Data were also obtained from 615 parents regarding whether their child had shown signs of puberty; based on these data, 480 children had shown signs of puberty (77 birth-registered males, 403 birth-registered females).

Finally, Table 2 presents information pertaining to neurodevelopmental and mental health conditions.

Gender identity

At the time of recruitment, all children and young people in our cohort were on the waiting list for the gender service. However, during the data collection phase, four parents (0.8%) reported that their child was no longer on the waiting list, either because their child was accepted for assessment (n = 2) or because they decided to leave the waiting list (n = 2). These four participants were excluded from the analyses.
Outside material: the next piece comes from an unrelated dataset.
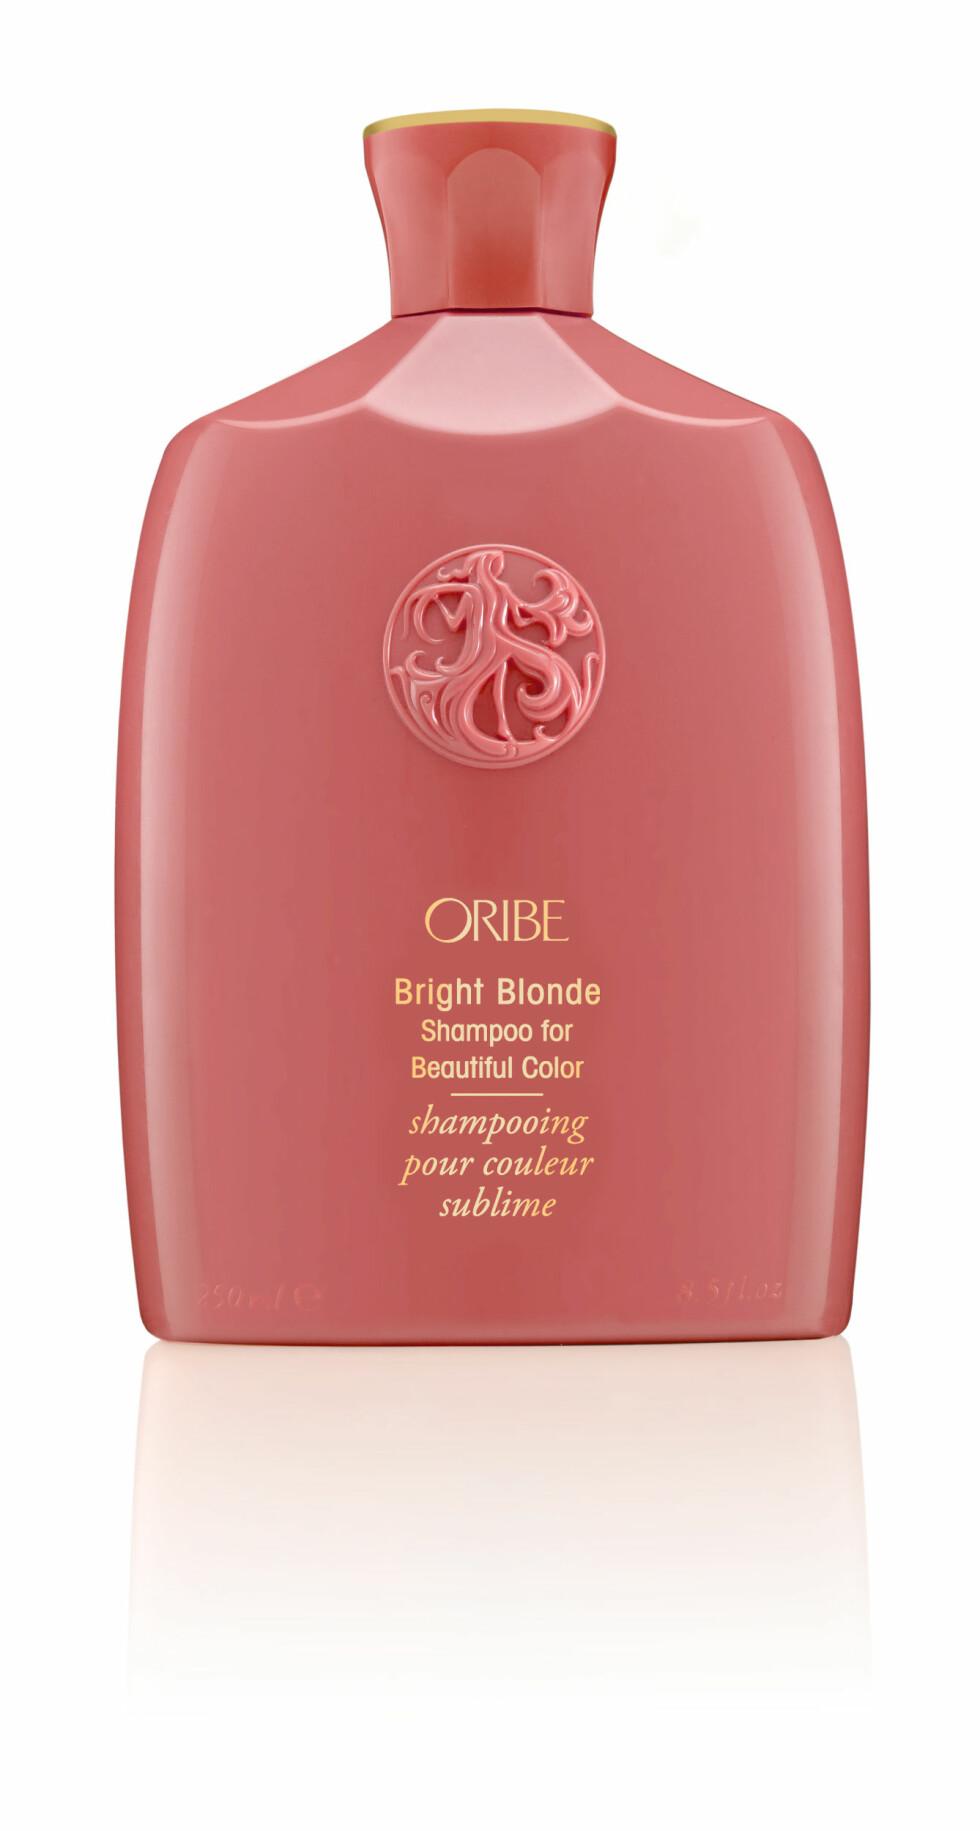 Bright Blonde Shampoo fra Oribe, kr 395. Foto: Produsenten

At the time of data acquisition, the cohort had been on the service waiting list for a median of 1 year (interquartile range (IQR) 0.6–1.6). Parents also indicated that the median age of referral to the clinic was 12 years (IQR 10–13 years; birth-registered males 10 years (IQR 7–13 years), birth-registered females 13 years (IQR 11–14) years), and that gender incongruence emerged around the age of 11 years (IQR 5–12 years; birth-registered males 6 years (IQR 3–11 years), birth-registered females 11 years (IQR 8–13 years)).

Health and service use data collected from 607 parents showed that, in the past 6 months, 9 respondents (1.5%) had attended a National Health Service (NHS) gender clinic and 6 (1.0%) had visited a private gender clinic. In addition, 4 respondents (0.7%) had visited an NHS endocrine clinic and one person (0.2%) had attended a private endocrine clinic.

A quarter (25.5%) were in contact with child and adolescent mental health services for gender identity-related reasons.

Gender dysphoria

Based on self-report, 91.2% of young people (374/410; 318 birth-registered females, 56 birth-registered males) met the DSM-5 criteria for gender dysphoria.

Examination of parental responses revealed that 42.1% of children (96/228; 35 birth-registered males, 51 birth-registered females) met these criteria, as well as 64.5% of young people (247/383 participants; 35 birth-registered males, 212 birth-registered females).

Of the young people who fulfilled the criteria based on self-report, 66.8% also met them based on parent report (kappa 0.10, 95% CI 0.038–0.168), suggesting low agreement between self- and parent reports.

Quality of life

Children’s and young people’s quality of life was examined via self-completed KIDSCREEN-52. Mean subscale scores are plotted in Fig. 1 in relation to the standard range based on population scores (M = 50, s.d. = 10), and show that adolescents fall outside of the standard range on 6 out of 10 subscales, whereas children were within standard population parameters on all subscales.

Fig. 1 Mean scores for each of the KIDSCREEN-52 subscales. KIDSCREEN-52 data represent Rasch-scored t-values, with a normalised population mean of 50 and a standard deviation of ±10, denoted by the dotted line and shaded segment, respectively. Scores outside of the shaded area indicate deviation from population norms. Diamond markers denote child respondents and square markers denote young person respondents. Error bars represent 95% CI.

Self-harm

Self-injurious and suicidal behaviour was measured via the CBCL items 18 and 91.Footnote a For children aged 12 years and younger (n = 224), 29% of parents indicated that their child had engaged in self-harm in the past 6 months and 28% indicated that their child had talked about killing themselves. For adolescents (n = 380), 42% of parents indicted that their child had self-harmed in the past 6 months and 33% indicated that their child had talked about killing themselves.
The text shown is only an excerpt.